CharlotteBog · 04/10/2023 16:44

Meh....this is getting ridiculous.
I'm not even the OP.
Apparently I am bored and lonely with all my talking to random people in public.

Furryrug · 04/10/2023 16:44

There will probably be many occasions in life where a stranger does something that we perceive ,rightly or wrongly, to be weird/rude/ odd/ funny/offensive etc . This is one of them.

CornishClott · 04/10/2023 16:45

Maybe there were reasons but there are ways of going about things without being rude

melj1213 · 04/10/2023 16:45

Skysky1 · 04/10/2023 15:58

"t's still really unclear how she did this from your description.

Your child was walking next to her child.
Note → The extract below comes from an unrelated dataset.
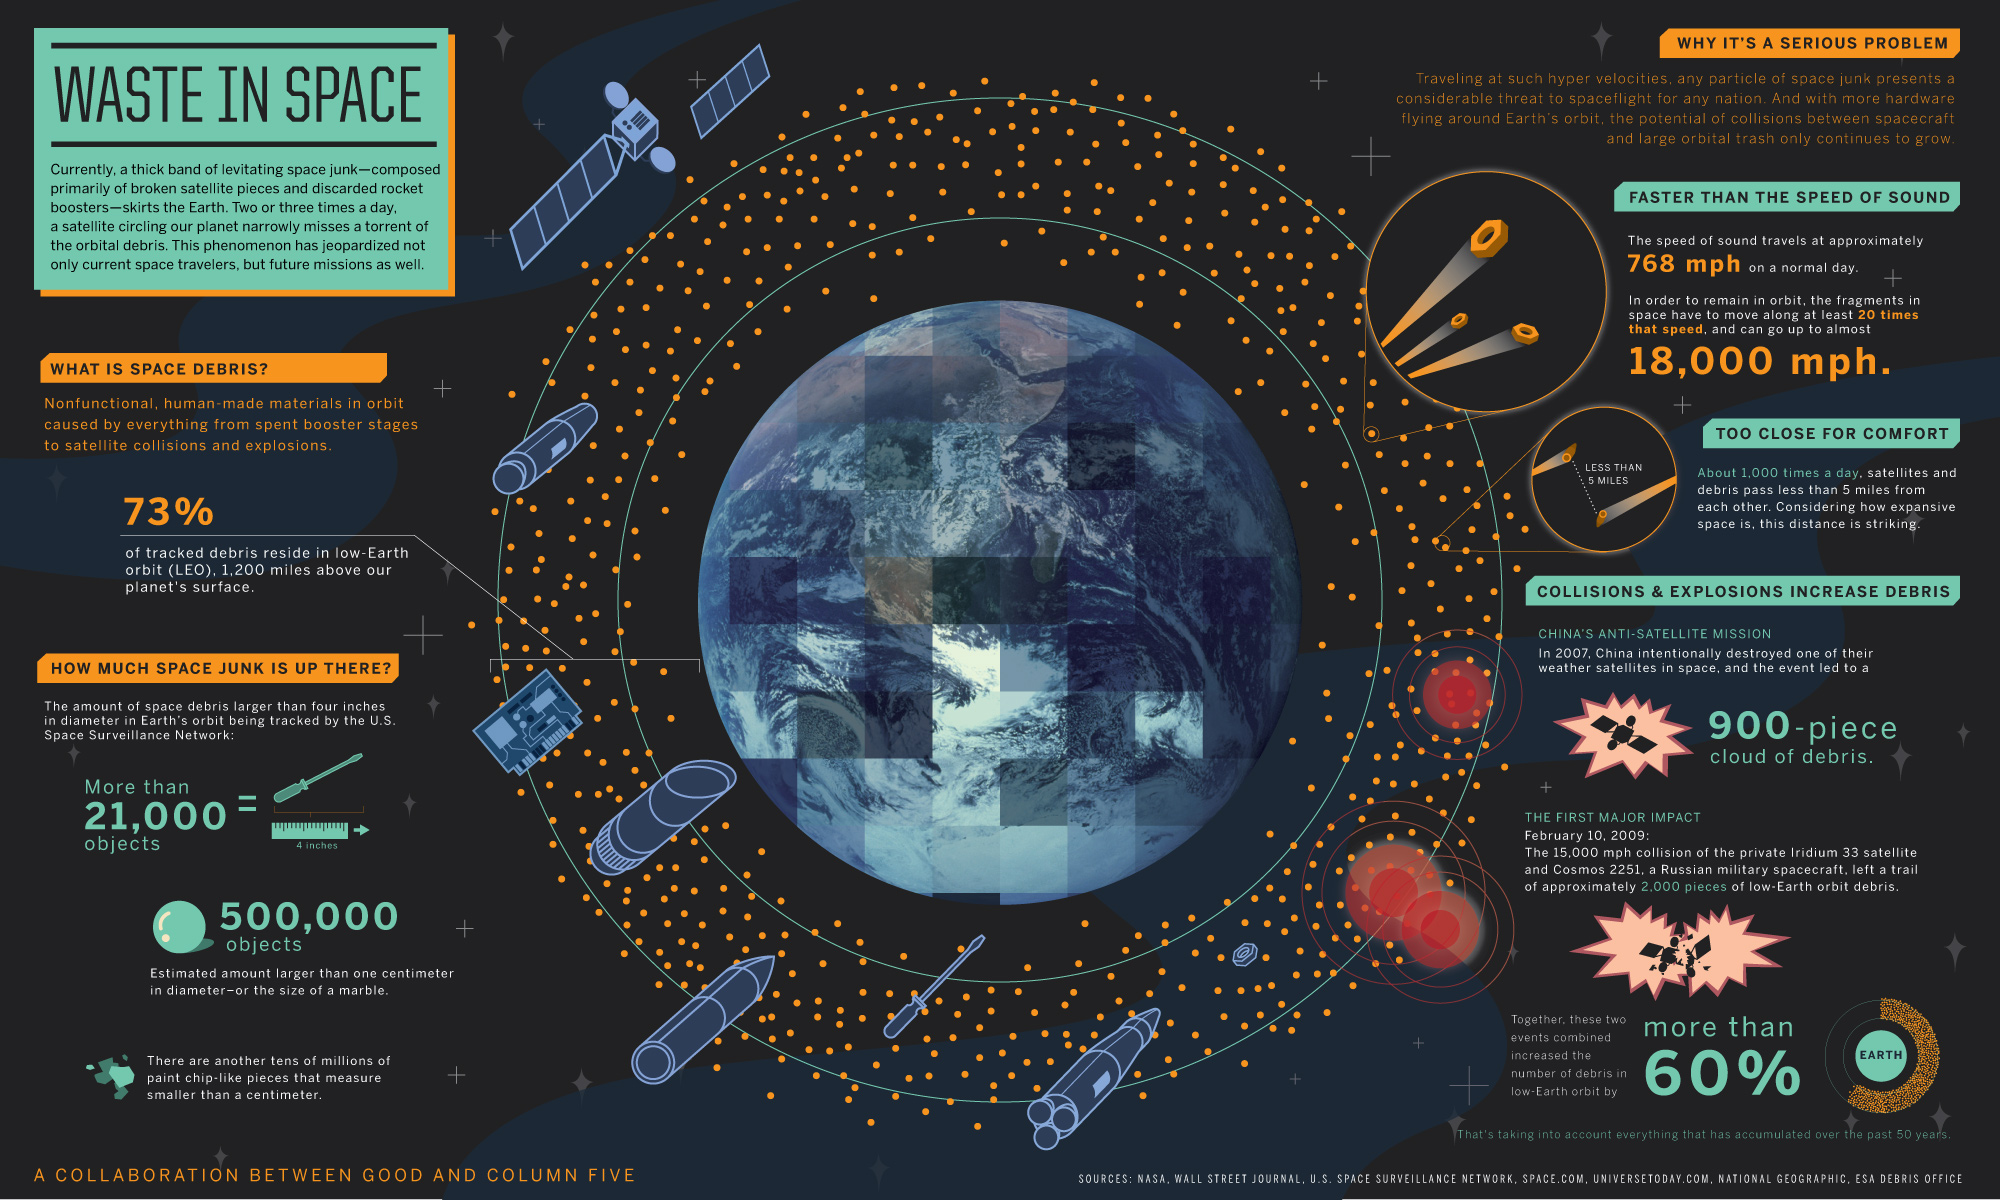 Welcome Home, Tiangong-1: China's Wayward Space Lab Returns

She then somehow went in front of both, in order to block your child only, between her arm and a column?

What?"

In response to this - she stepped out behind her child, to be next to mine and then stretch her arm across him and touch the column opposite

And where were you OP?

You let your child follow another random child and their parent - they were trying to walk away because they didn't want to engage for whatever reason (sick/tired/busy/heading off a tantrum/any number of reasons that are none of your business) and your child was following them so the parent had no choice but to actively stop your child from following by physically creating a barrier and was close enough to them that he nearly made contact with the woman when she stopped.

You should have stepped in much earlier, why weren't you there? If you were close enough to grab your child then you were also uncomfortably close behind the woman and she may have felt intimidated by you being so close and not speaking to her; if you weren't close enough to grab your child then you weren't close enough to keep them under control, what if they had darted off out of a door or in front of a trolley?

Either way the parent at fault is not the one who just wanted to get on with her shopping without someone annoying them.

margotrose · 04/10/2023 16:45

CharlotteBog · 04/10/2023 16:43

Because shops are FULL of random people. We generally talk to them if we wish to communicate something

I'm not saying she should lie about being in a hurry, but that it's easy to say "I'm in a hurry" rather than explain about your child's health conditions.

It's even easier to just say "excuse me" and get on with your day.

Why do so many people think random strangers owe them any kind of conversation or explanation for their behaviour?

If OP's 3yo hadn't wandered over to them uninvited in the first place, none of this would have happened anyway.